Dr. Chhagan Pandurang Khartode, Dr. DN Hambire, Dr. Namdev Jagtap, Dr. Sushant Vijay Shinde and Dr. Suraj Subhash Ingole
Introduction: Over the past few decades, the burden of acute heart failure (AHF) on a worldwide scale has not altered. European registries confirmed that hospitalisation for AHF implies a shift in the natural history of the disease process and that 1-year outcome rates are still too high. Given the poor prognosis of HF patients, it is critical to take advantage of hospital stays to: 1) evaluate the constituent parts of the cardiac substrate; 2) recognise and manage comorbidities; 3) identify early, safe therapy endpoints to enable prompt hospital discharge and outpatient follow-up; and 4) execute and initiate optimisation guideline-directed medical therapies (GDMTs). Acute heart failure (AHF) is associated with high rates of hospital readmission and mortality after discharge. Improving post-discharge care is crucial to enhancing patient outcomes.
Objective: To evaluate the effectiveness of a multidisciplinary approach in enhancing outcomes after discharge for patients with acute heart failure.
Methods: A retrospective cohort study was conducted using hospital records of patients discharged with a primary diagnosis of heart failure.
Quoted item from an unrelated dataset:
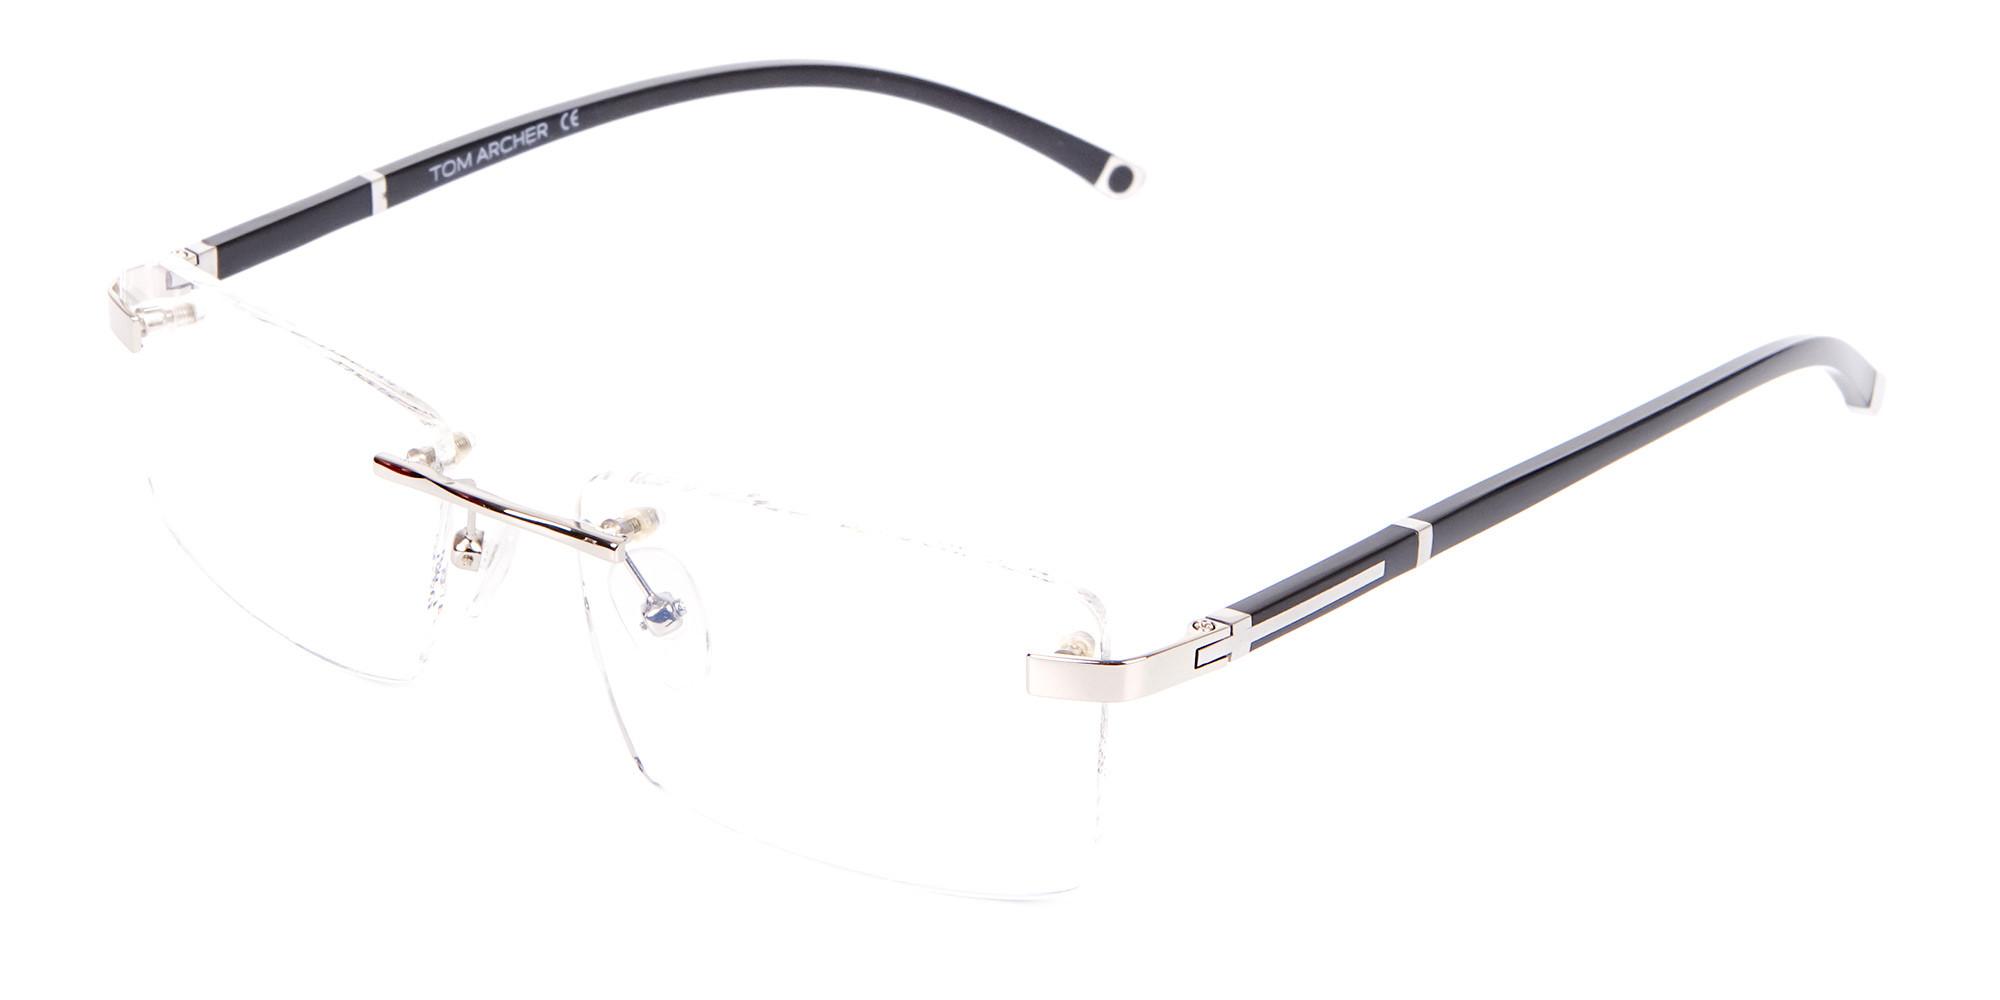 Silver Rectangular Rimless Glasses, Online UK-3
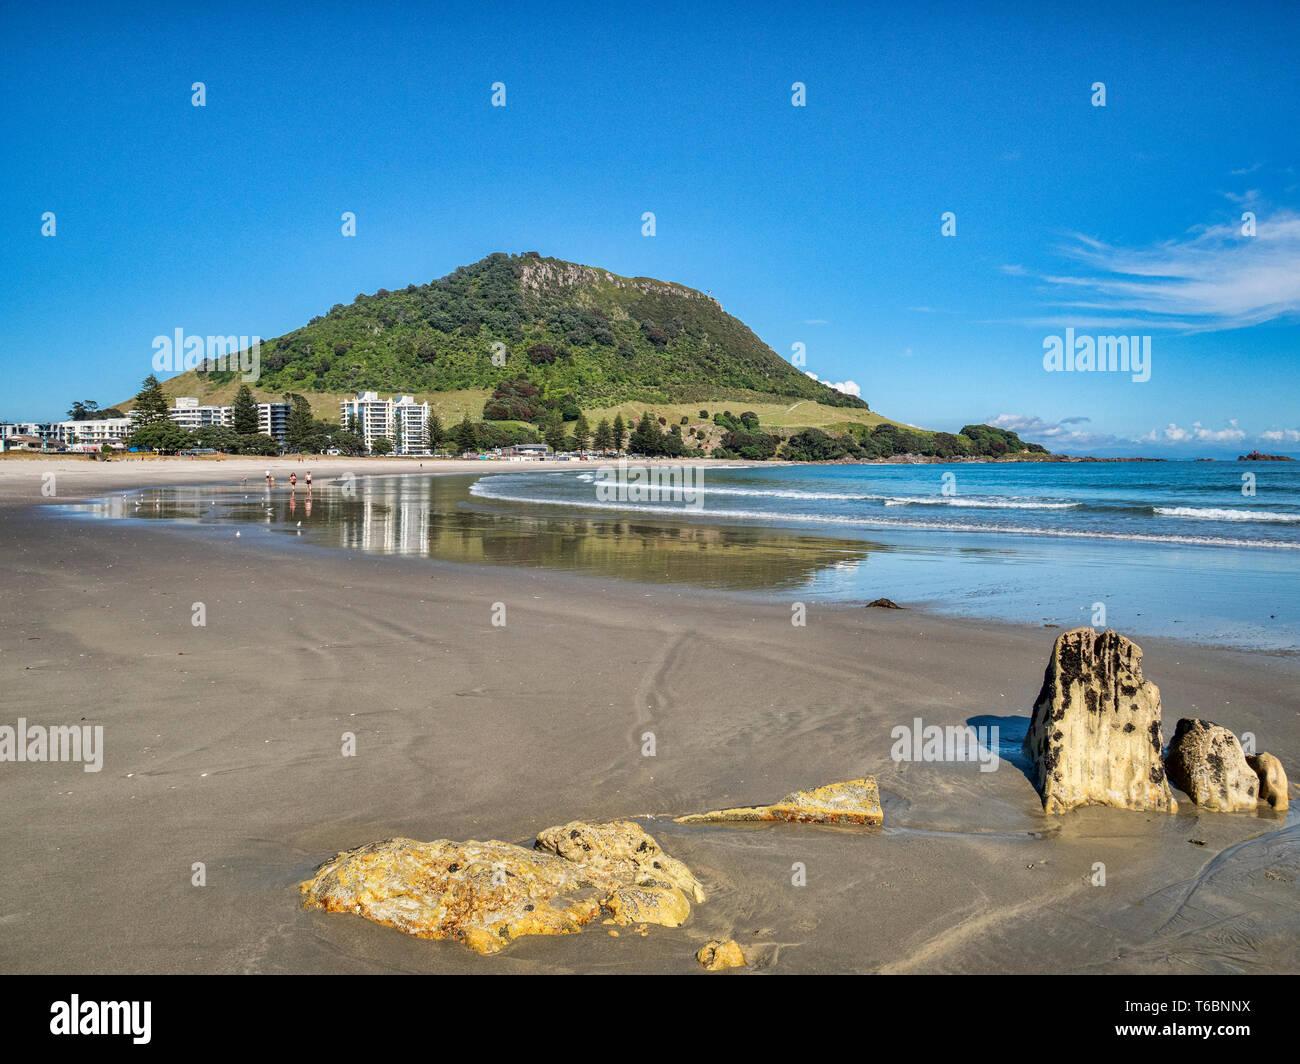 16 December 2018: Mount Maunganui, New Zealand - Mount Maunganui and the main beach Stock Photo

Outcomes were assessed over a 12-month period A prospective cohort study was conducted to assess the impact of a comprehensive discharge plan on readmission rates, mortality, and patient quality of life.
Results: Implementation of a multidisciplinary approach resulted in a significant reduction in 30-day readmission rates and improved patient-reported outcomes.
Conclusion: A structured, multidisciplinary post-discharge plan is essential for improving long-term outcomes in patients with acute heart failure.